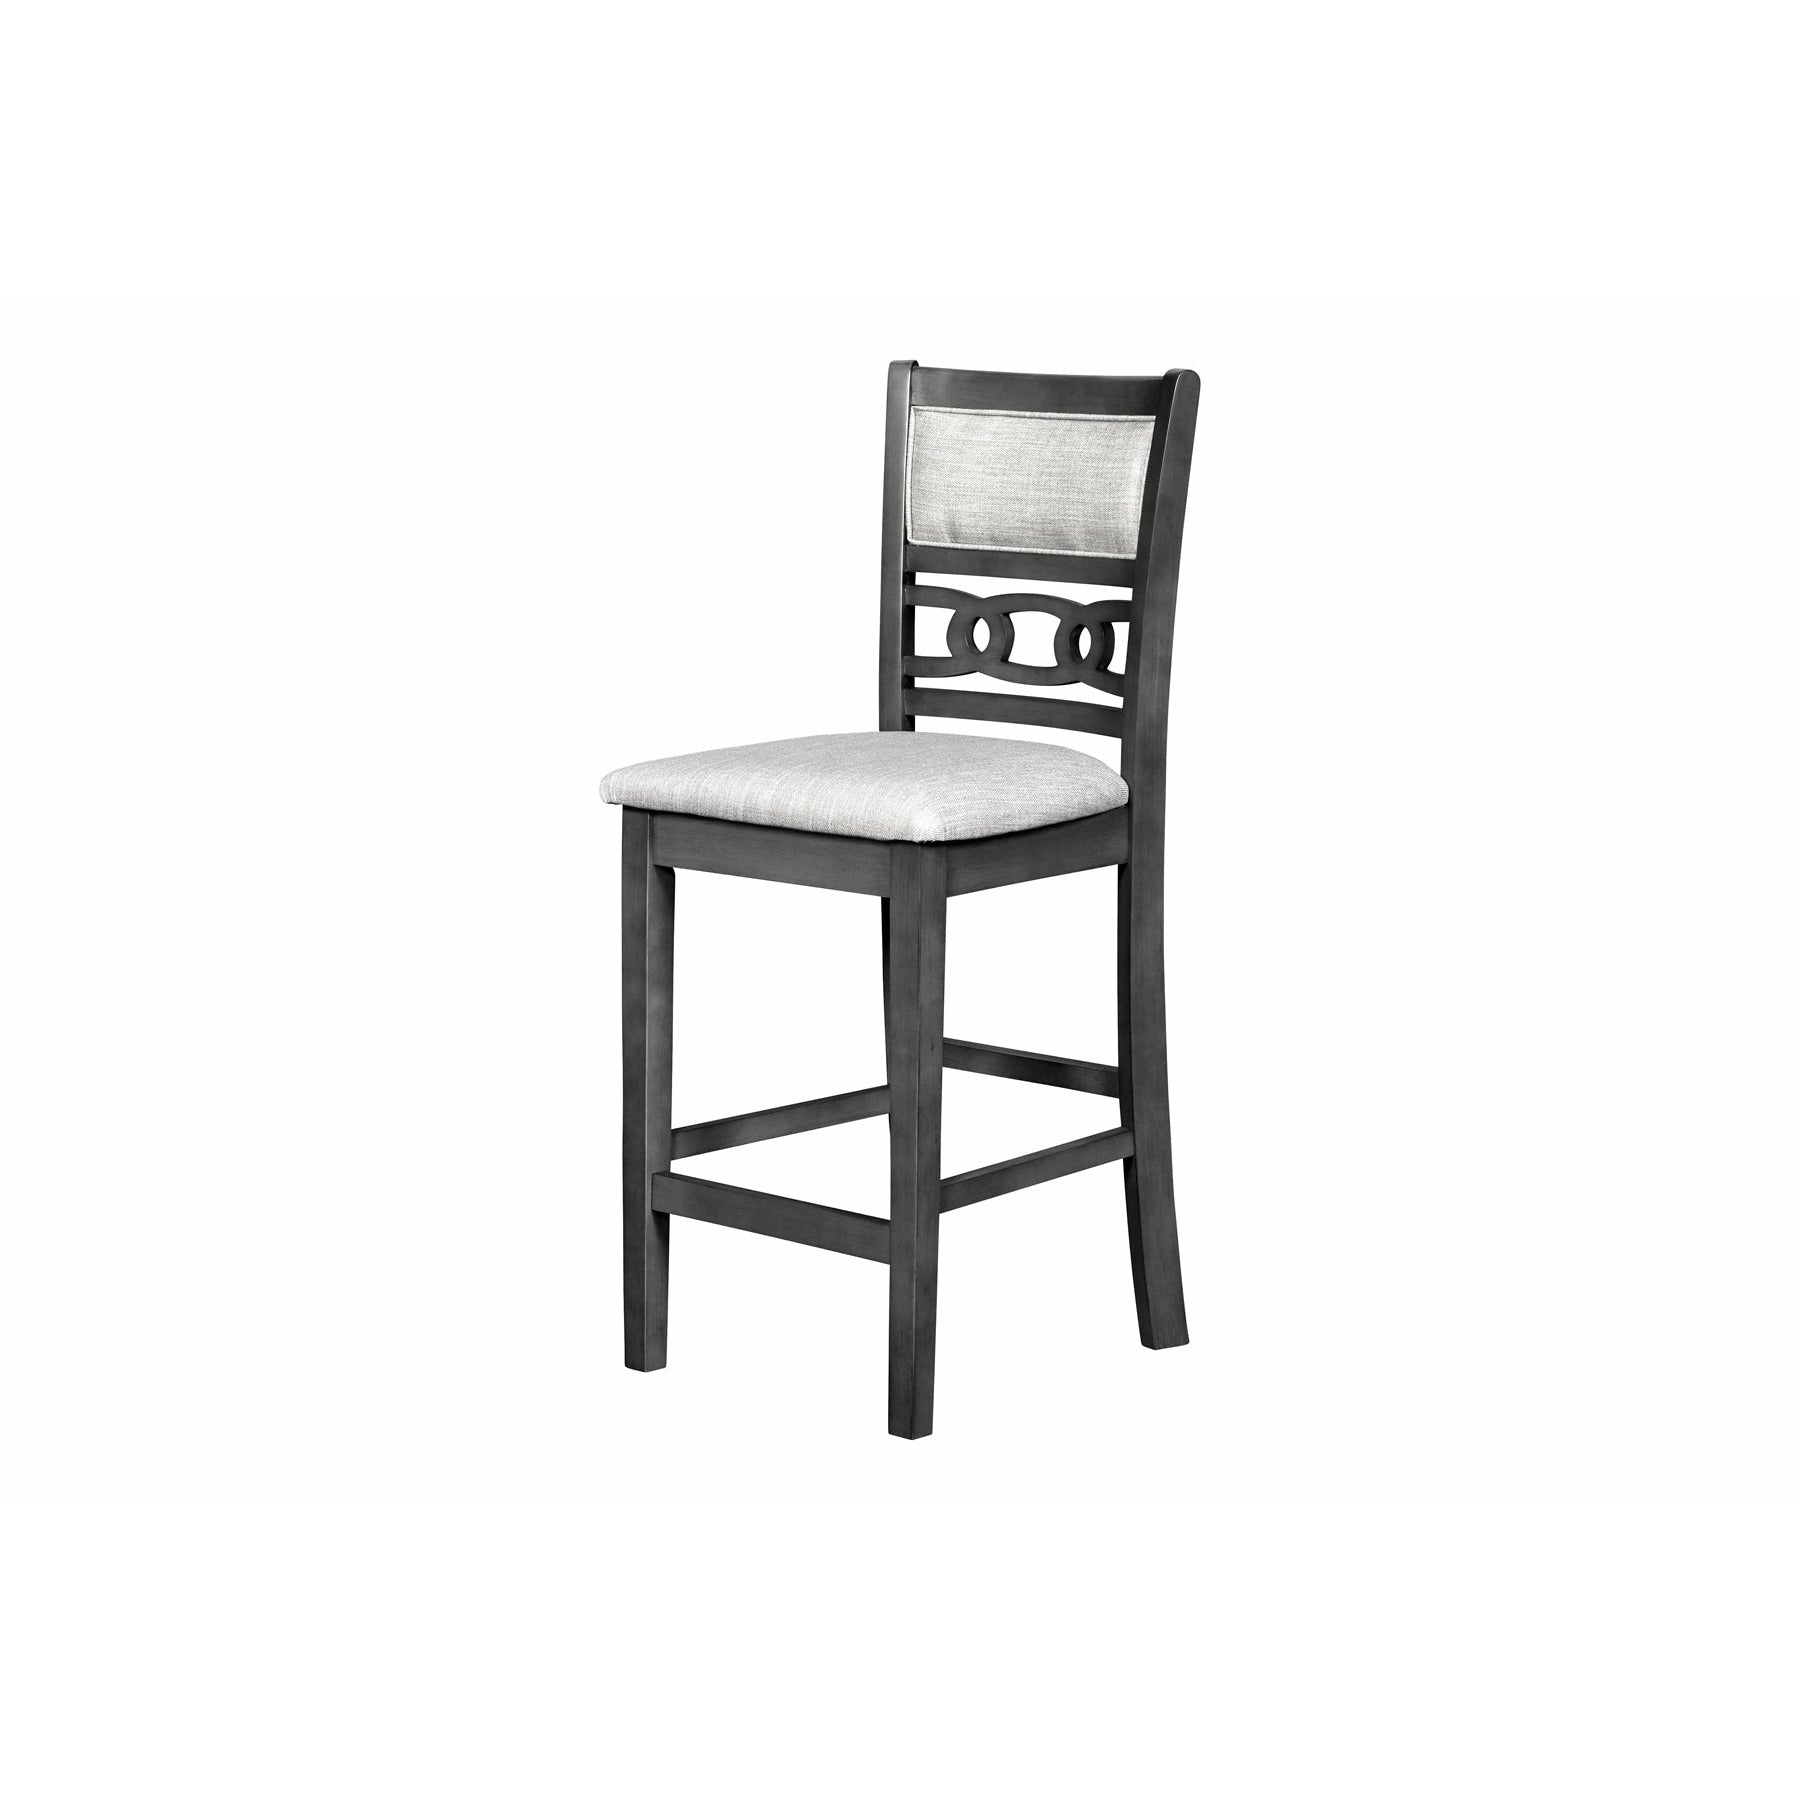 Gia Counter Height Chair - Grey
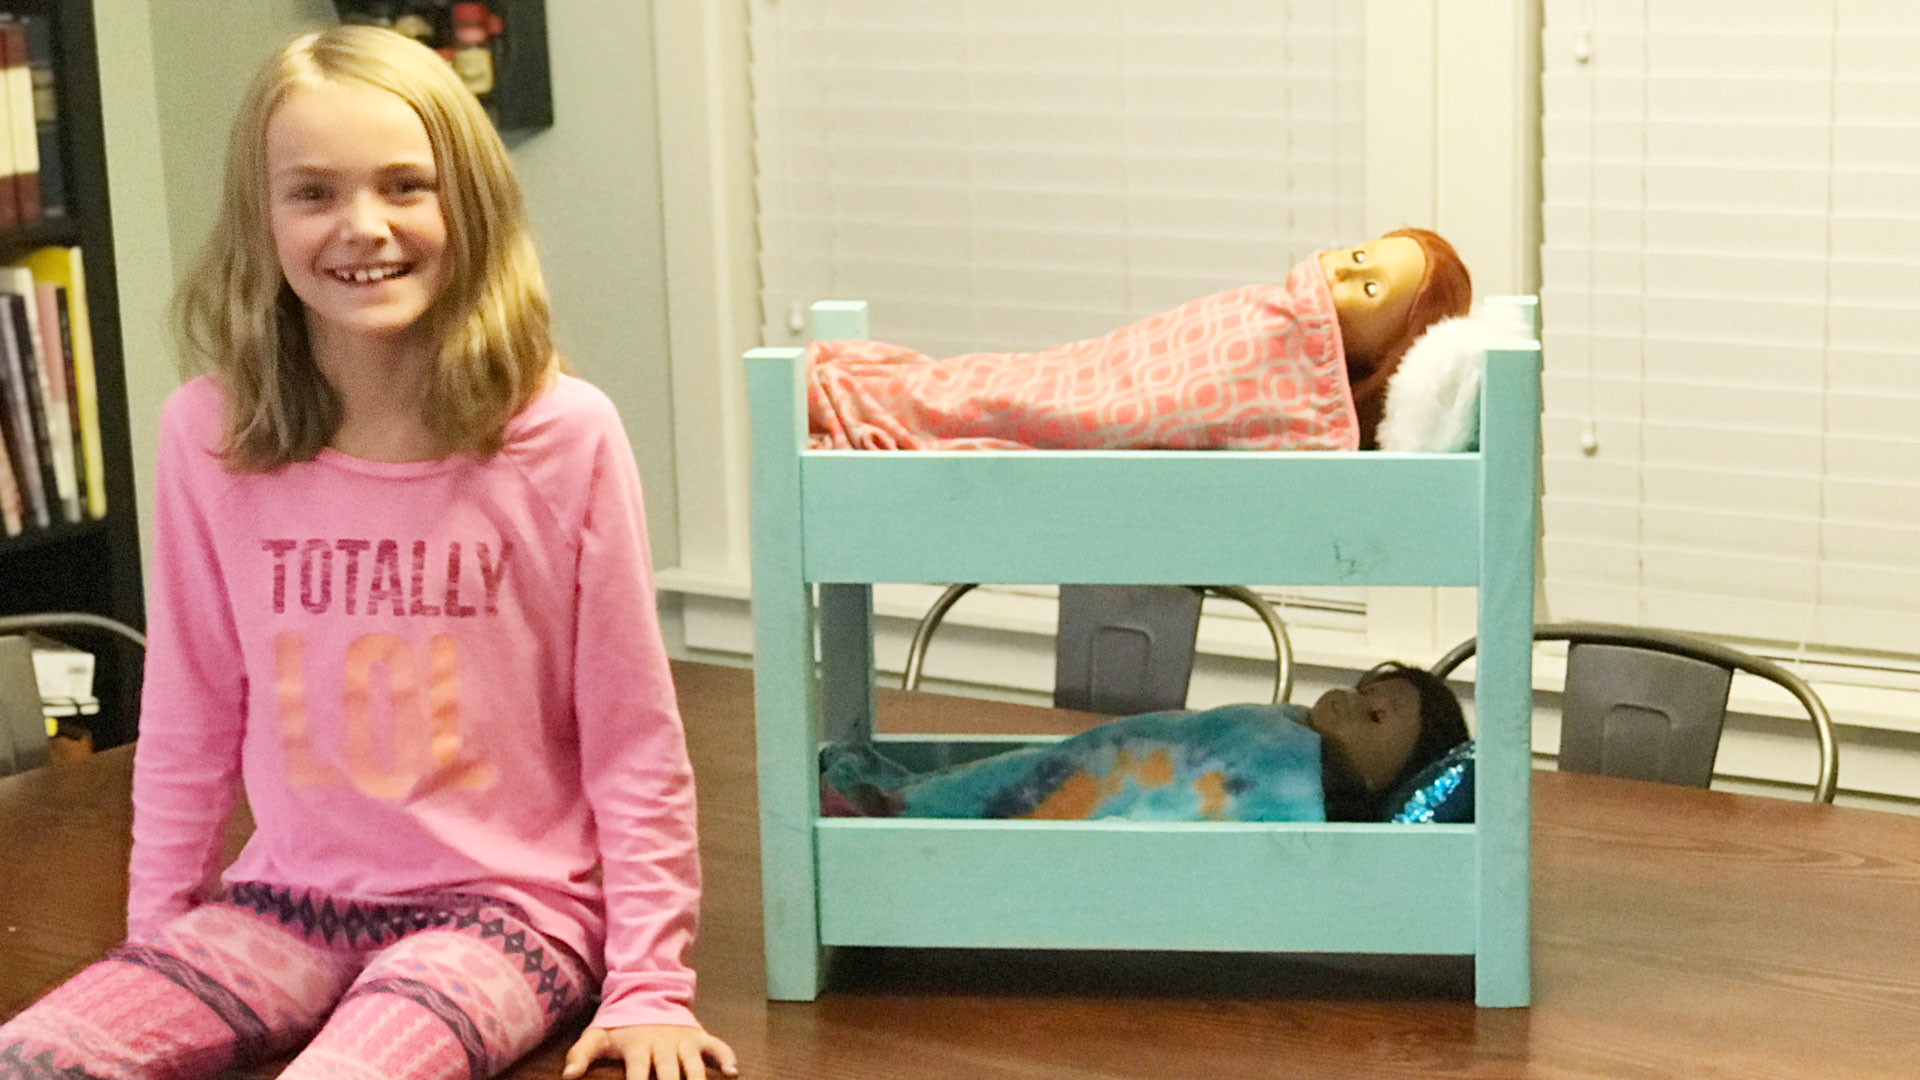 Build An American Girl Doll Bunk Bed, How To Make A Doll Bunk Bed
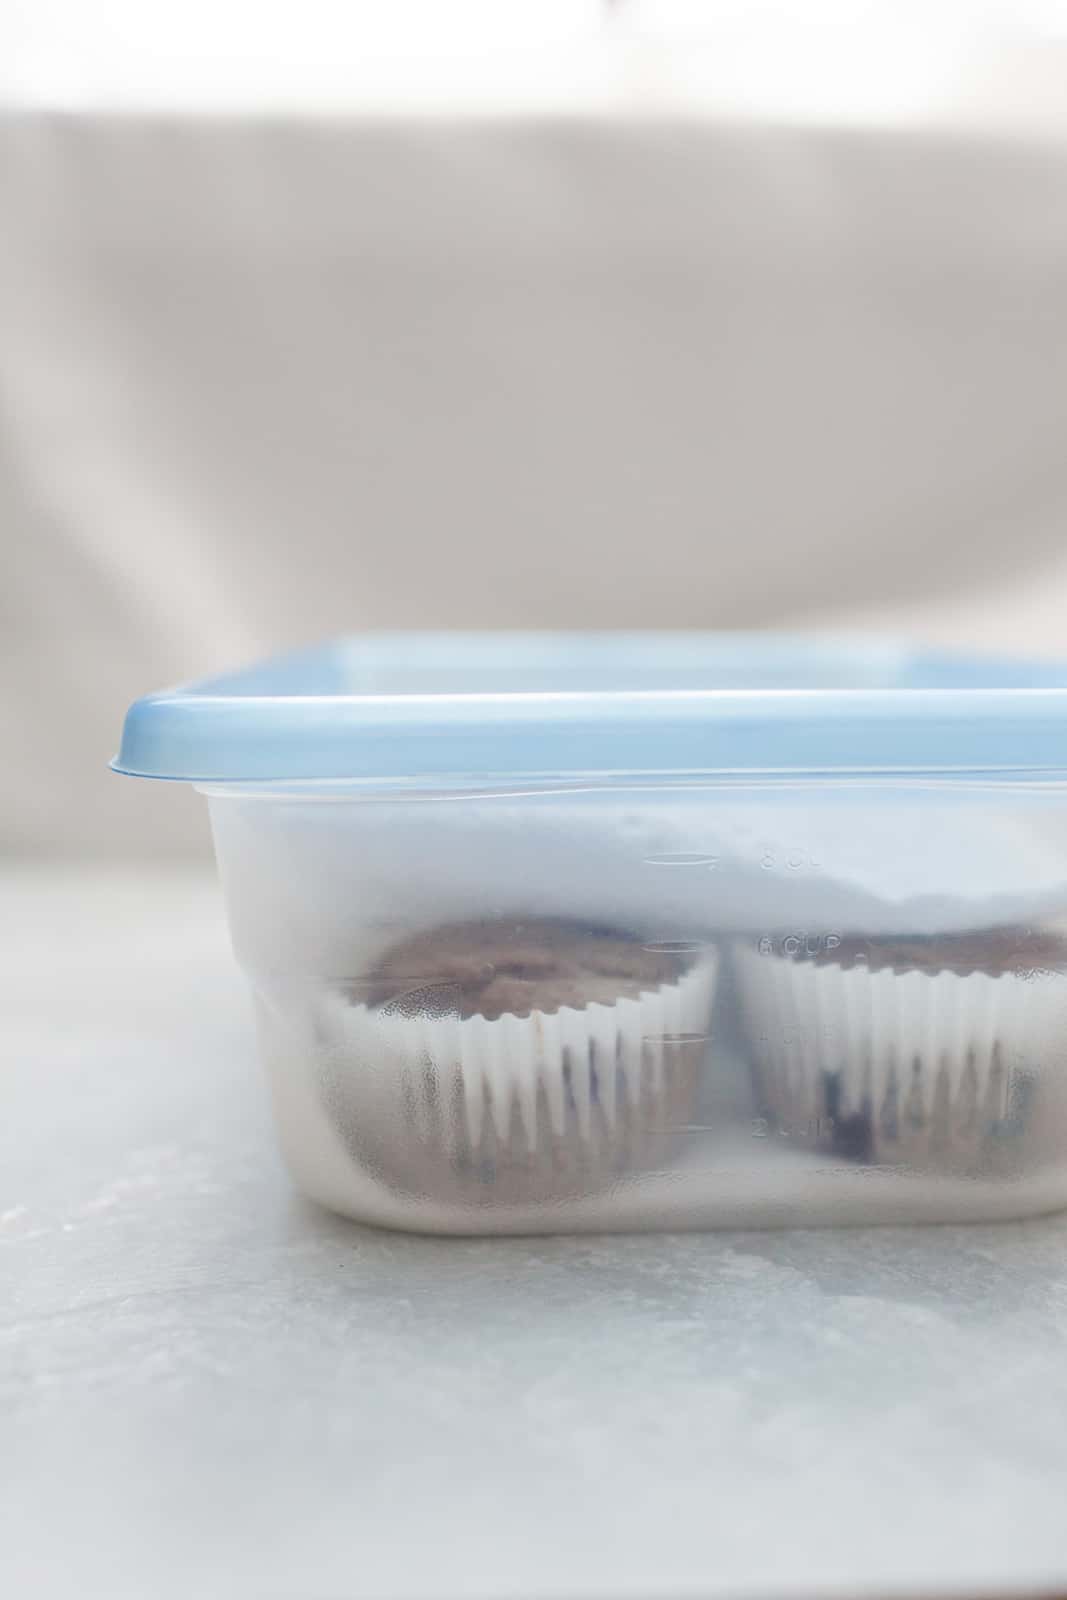 muffins in a sealed tupperware with paper towels
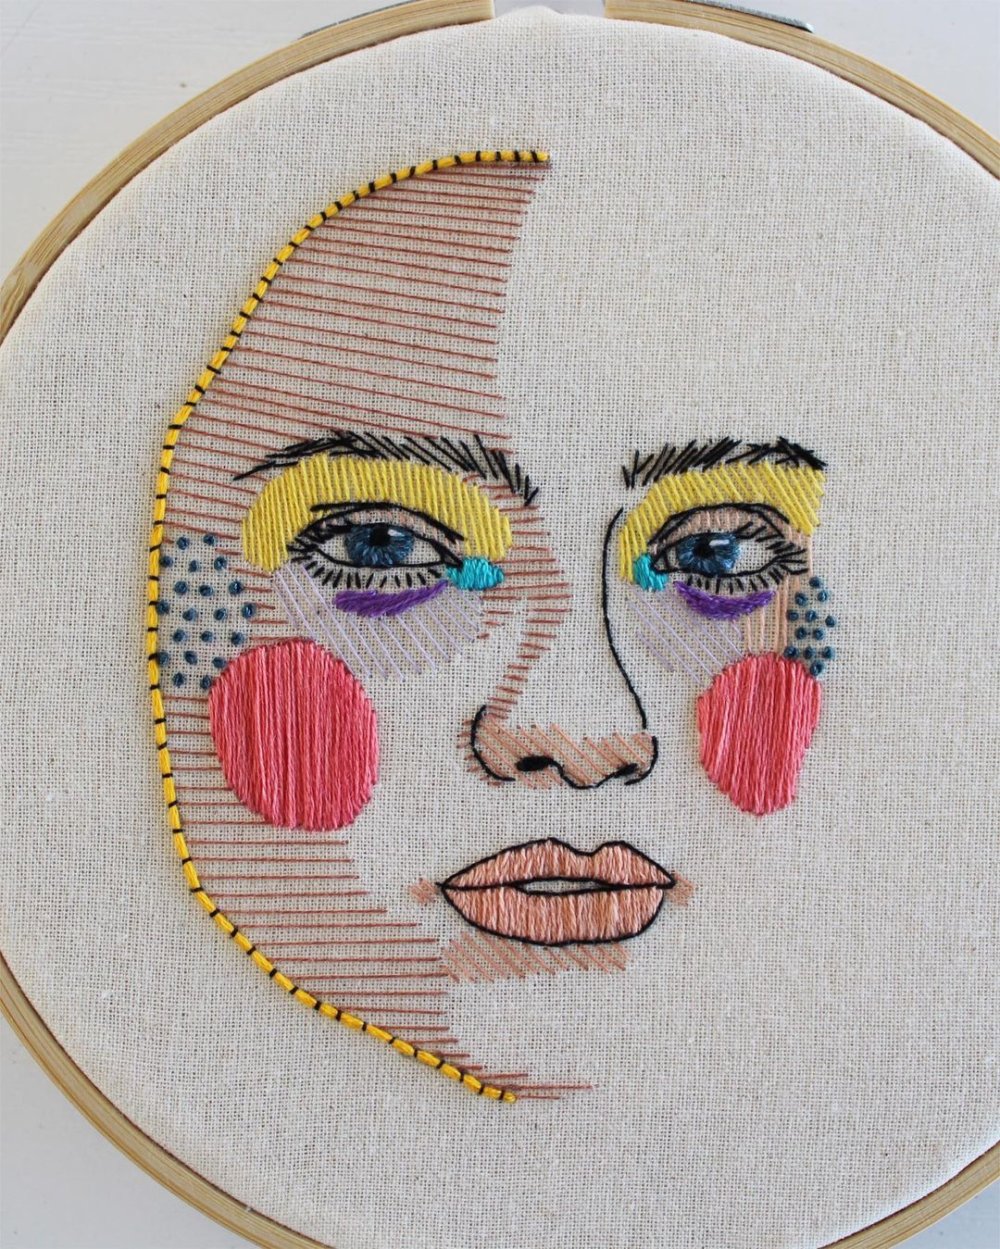 Expressive Embroidered Portraits Composed Of Colorful Lines And Stitches By Brenda Risquez 2

-----

WHAT YOU HAVE TO DO – What is needed is an exact copy of the data, with the pictures removed.

WRITTEN RESPONSE –
 Gia Counter Height Chair - Grey
 Build An American Girl Doll Bunk Bed, How To Make A Doll Bunk Bed
 muffins in a sealed tupperware with paper towels
 Expressive Embroidered Portraits Composed Of Colorful Lines And Stitches By Brenda Risquez 2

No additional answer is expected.